# Tracing out an observable vs integrating over unitaries

Let $$O$$ be an observable on a Hilbert space $$\mathcal{H}$$, and let $$B$$ be a subset of the spins composing $$\mathcal{H}$$, and let $$\bar{B}$$ be its complement. Now define

$$\displaystyle O_B = \frac{1}{\operatorname{Tr}_{\bar{B}}\mathbf{1}_{\bar{B}}} \operatorname{Tr}_{\bar{B}}(O) \otimes \mathbf{1}_{\bar{B}}.$$

Is this quantity equal to

$$\displaystyle \int d\mu(U) U O U^\dagger~?$$

The integral is taken over the set of unitary operators acting on $$\bar{B}$$ and $$\mu$$ is the Haar measure of $$U$$. If so, why is this the case?

Note: this question came up from trying to understand the following paper: http://arxiv.org/abs/quant-ph/0603121

It looks plausible to me, for two reasons:

1) The resulting expression must be invariant under conjugation by any unitary on $B$, because integration was by the Haar measure. So for product states the result of the integral has to be of the form $\rho_A \otimes \mathbf{1}_B$.

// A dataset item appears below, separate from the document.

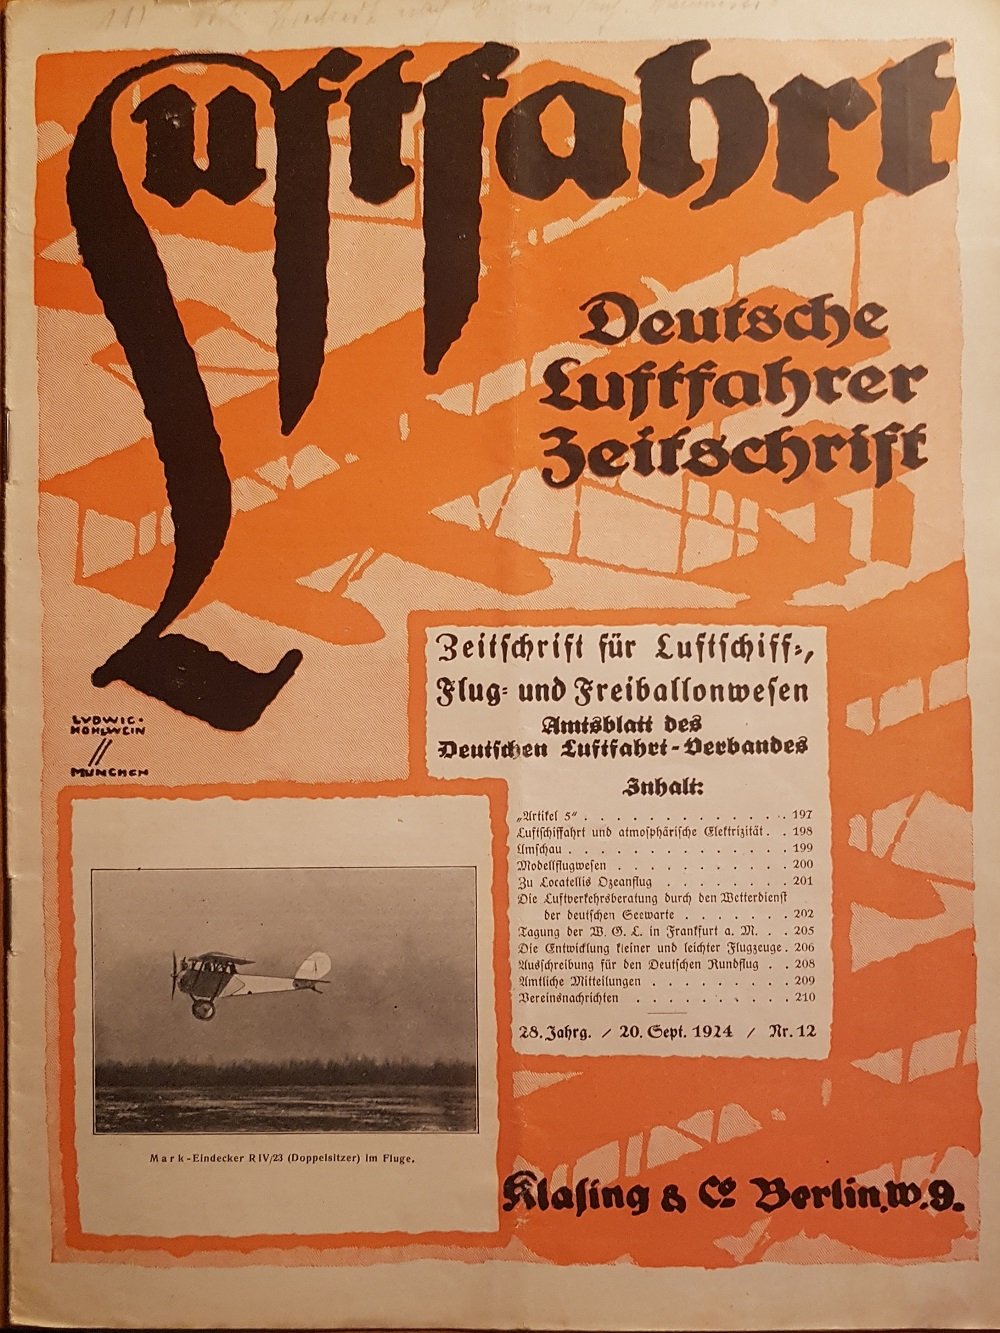 PETSCHOW, Robert (Schriftleiter):  Luftfahrt. Deutsche Luftfahrer Zeitschrift. Nr. 12, 20. Sept. 1924. Zeitschrift für Luftschiff-, Flug- und Freiballonwesen. Amtsblatt des Deutschen Luftfahrt-Verbandes. 
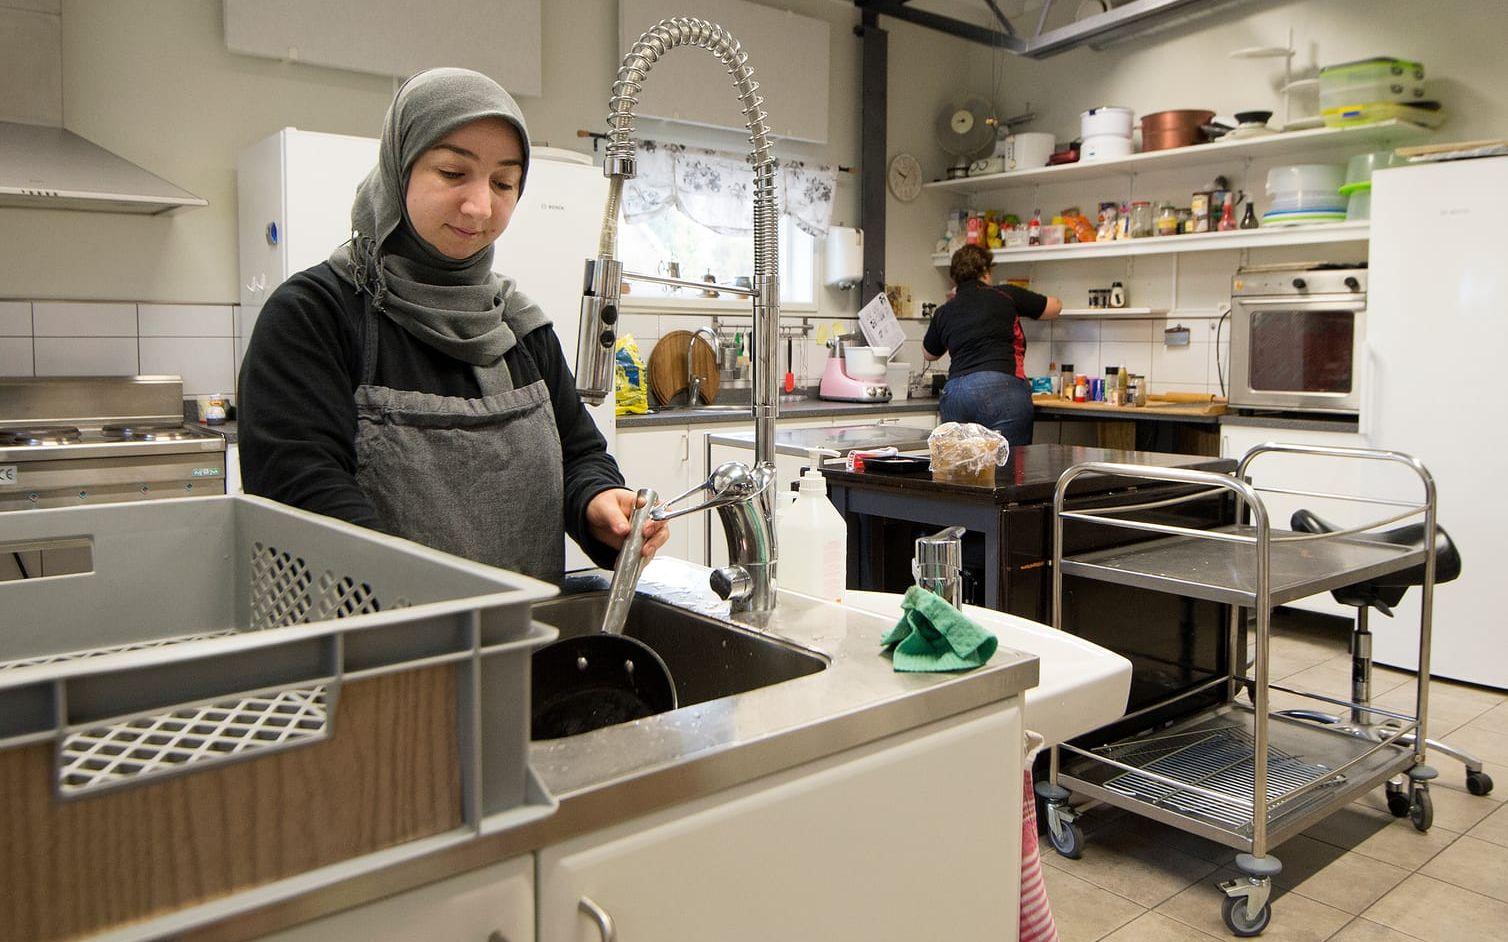 Trivs i köket. Naimeh Mardin från Syrien har varit på Resurscenter i sju månader. Hon arbetar i köket och förklarar att hon trivs jättebra.

2) The integral is a linear superoperator. So what I said about product states can be extended to non-product states.

• Why do you write "looks plausible to me", rather than turning this into a proof? Commented Aug 22, 2019 at 9:27

One has

$$\int_{U(d)} d\mu(U) U_{i_1j_1} U^{\dagger}_{j_2i_2}= \frac1d \delta_{i_1,i_2}\delta_{j_1,j_2}$$

for Haar integration, from which it follows. (Source arXiv:math-ph/0402073)